The latest attendance figures, released in September by the school board, show this: On the city's east side, where most of Topeka's blacks live, three elementary schools have more than 60 percent minority enrollments. An east side junior high has a 71.4 percent minority enrollment and the only high school contains 36.8 percent minority students.

On the city's west and south sides, the school board records show, there are elementary schools with enrollments as little as 3 percent minority, a junior high with a 4 percent figure and a minority enrollment figure of 4.8 percent at the area high school.

"It is pretty clear that the school board's long-range plan perpetuated segregation in the system instead of ending it," said Richard Jones, another attorney for the black plaintiffs. The American Civil Liberties Union has put up $10,000 to cover most of the group's legal fees.

"To separate [black grade and high school students] from other of similar age and qualifications solely because of their race generates a feeling of inferiority as to their status in the community that may affect their hearts and minds in way unlikely ever to be undone."

In its brief countering the current petition, the school board argued this month that the parents' group should file a new lawsuit instead of reopening the Brown case. Despite the Supreme Court's ruling, the case has never been officially closed.

The school board and the parents disagree on the reason. "These desegregation cases are in a class by themselves," said Henson, the school board attorney. "Apparently this one has remained open because none of the parties felt there was a need to approach the court again."

"School desegregation cases have a way of coming back again and again," said Scott, the attorney for the parents. "I guess that is part of the point we are trying to make."

The Brown case was revived, he said, when a black parent charged in 1973 that his young daughter was getting an inferior education in Topeka schools because of her race.

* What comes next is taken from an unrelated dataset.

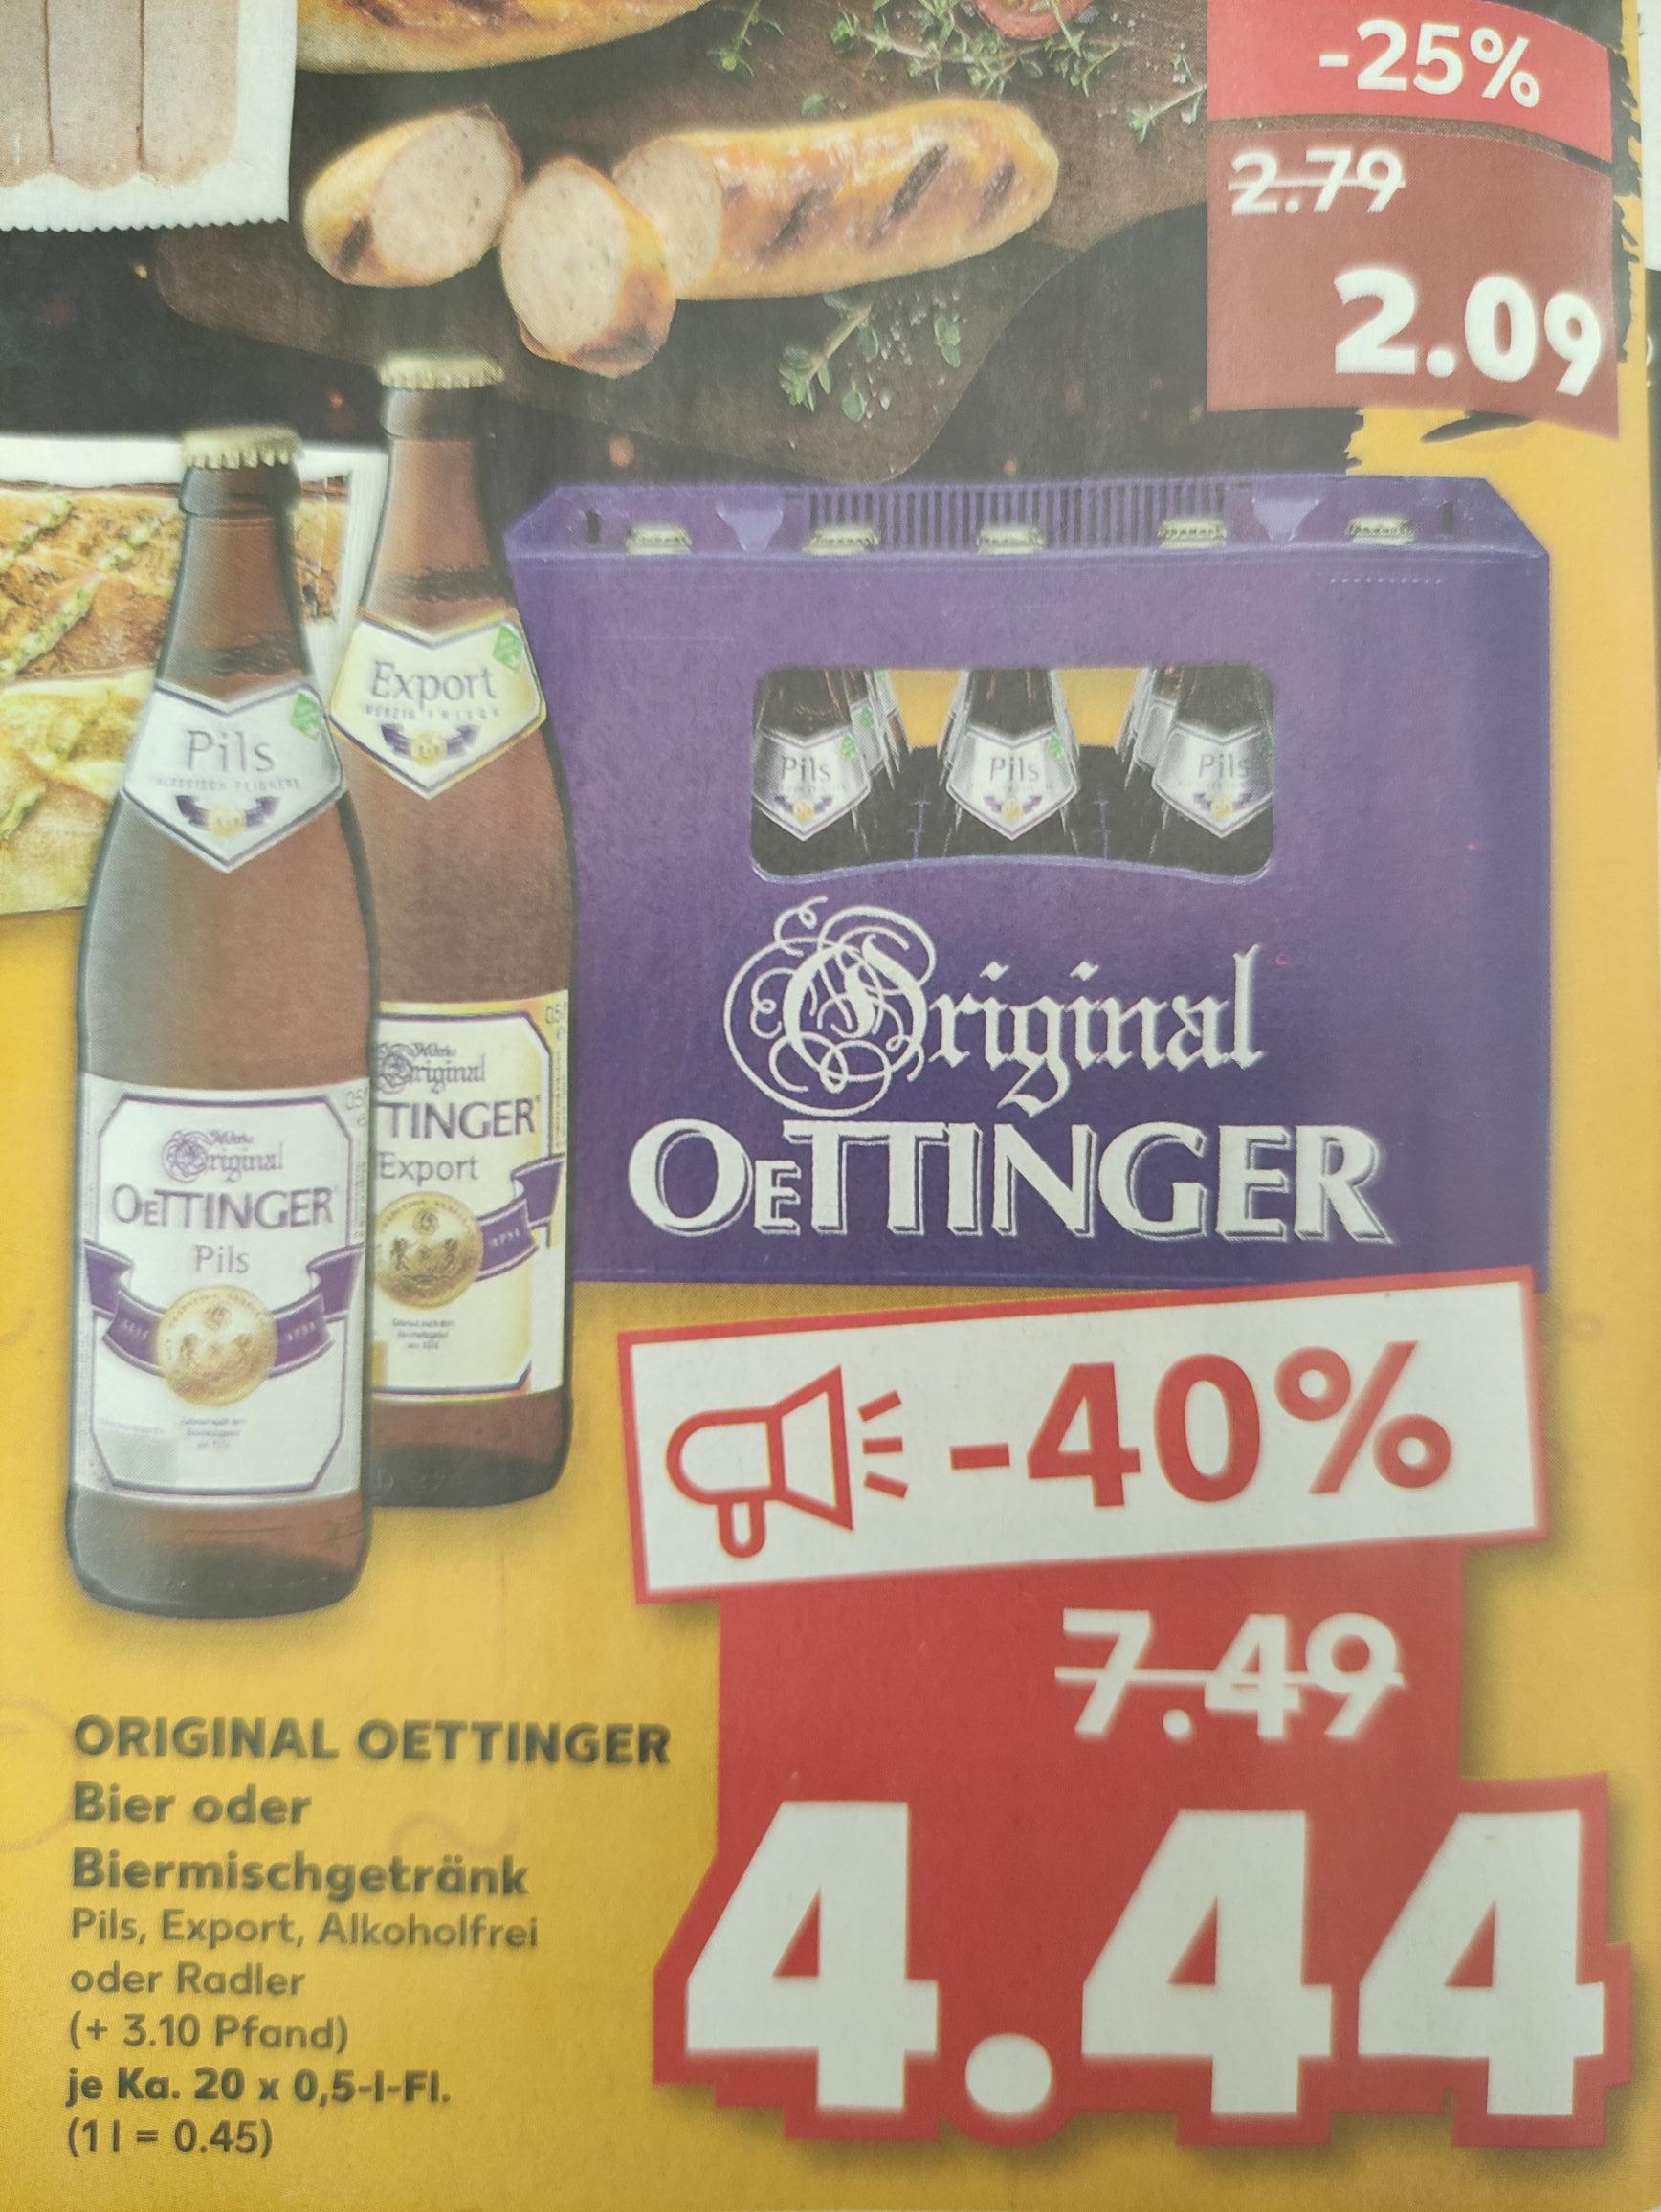 [Lokal Hannover/Umgebung] 1 Kasten Oettinger Bier Pils, Export, Alkoholfrei oder Radler (20 x 0,5 L) zzgl. 3,10 € Pfand

The charge attracted the attention of the Office of Civil Rights of the Department of Health, Education and Welfare. HEW ordered changes in the school system and Topeka filed its plan. Last December the case was settled in secret and when the settlement -- a $19,000 award to the girl's family -- was revealed this year a number of blacks in Topeka were angered.

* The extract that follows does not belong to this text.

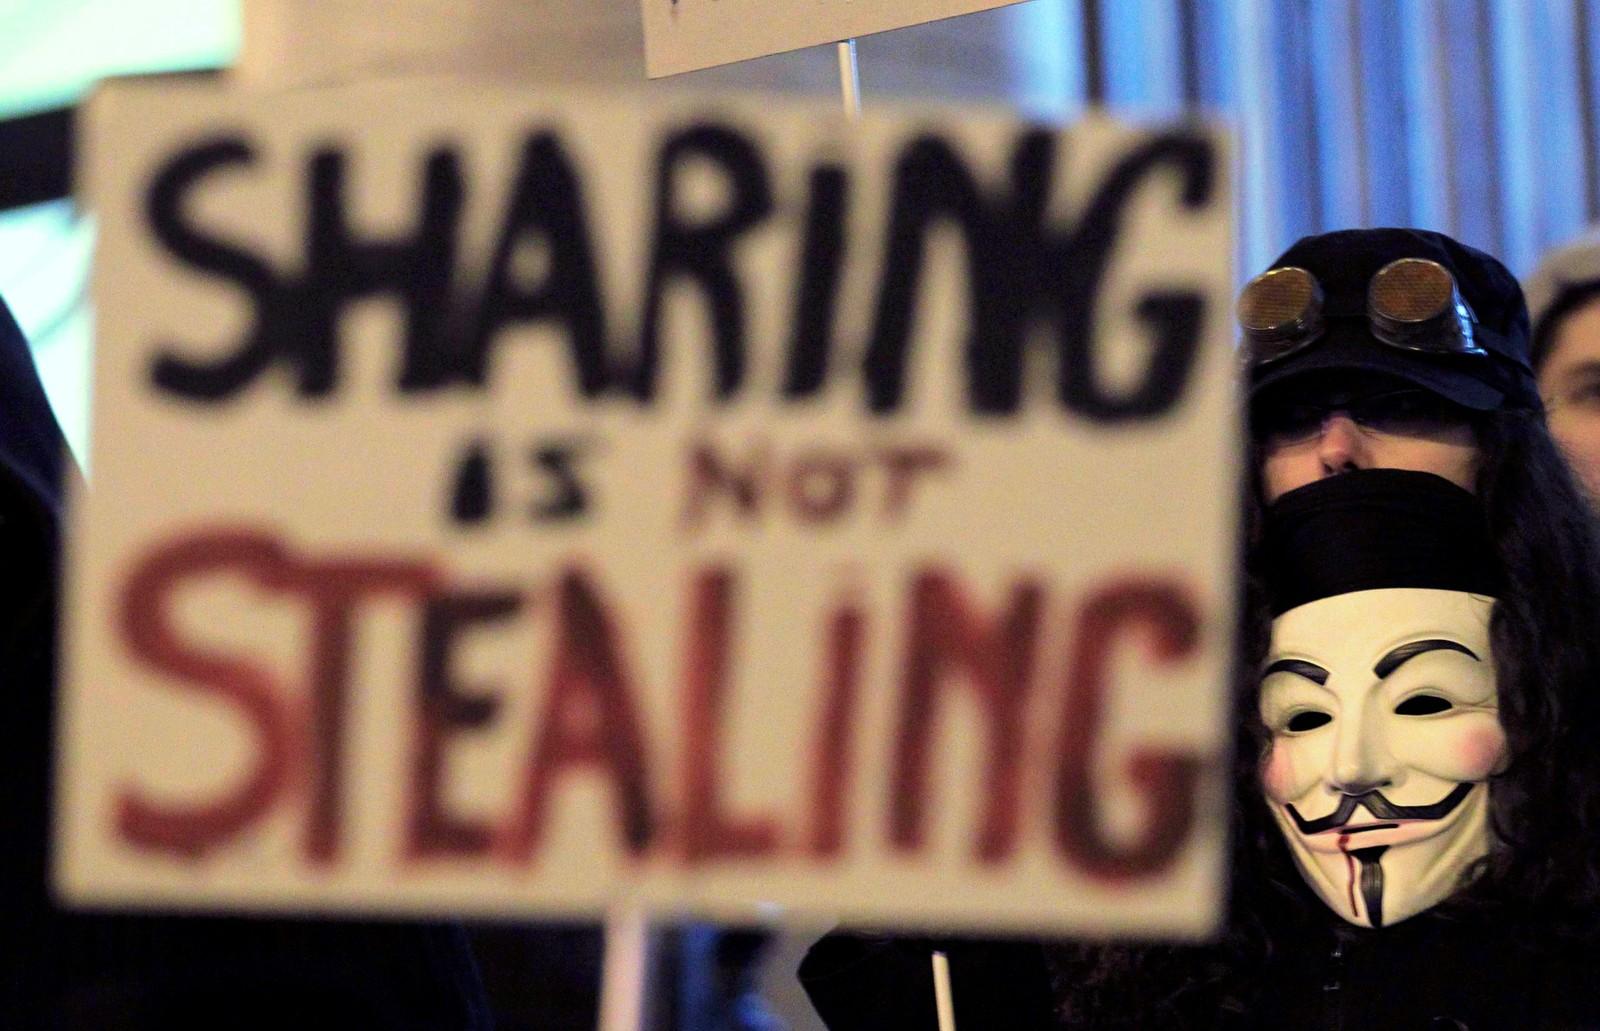 Et medlem av aktivistgruppen 'Anonymous' under en demonstrasjon i Brussel.

"Since this was the 25th anniversary of the original Brown decision they came to a few lawyers in town and asked us to go something," said Jones. "They felt that after all this time they had been sold down the river."

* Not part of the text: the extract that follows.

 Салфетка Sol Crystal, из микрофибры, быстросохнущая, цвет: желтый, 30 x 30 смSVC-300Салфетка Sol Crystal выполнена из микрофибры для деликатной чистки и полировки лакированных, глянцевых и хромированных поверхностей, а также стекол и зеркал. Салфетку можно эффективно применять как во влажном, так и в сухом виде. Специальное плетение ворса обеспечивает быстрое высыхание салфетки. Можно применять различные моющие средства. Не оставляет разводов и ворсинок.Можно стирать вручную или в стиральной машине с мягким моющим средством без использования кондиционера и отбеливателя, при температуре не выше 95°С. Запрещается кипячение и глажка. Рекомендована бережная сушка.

The parents group went to federal court in August with the unusual request that Brown be reopened and that after 25 years they be allowed to intervene. The decision by Judge Rogers yesterday granted that motion.

"We conclude that in the field of public education the doctrine of 'separate but equal' has no place. Separate educational facilities are inherently unequal."

Since 1954 Linda Brown has grown up, been married and divorced. Her two children began school in the same classroom that she did in 1951. The class was all black that year, she recalled, and it was 98 percent black when her children went to school.

Charles Smith, her oldest son, goes to Highland Park High School on the city's south side. Most of the faces in his class, he said, are black.

I had a funny feeling when I heard the judge agreed to reopen the case," he said yesterday. "I began to wonder whether my kids will be in this lawsuit too someday."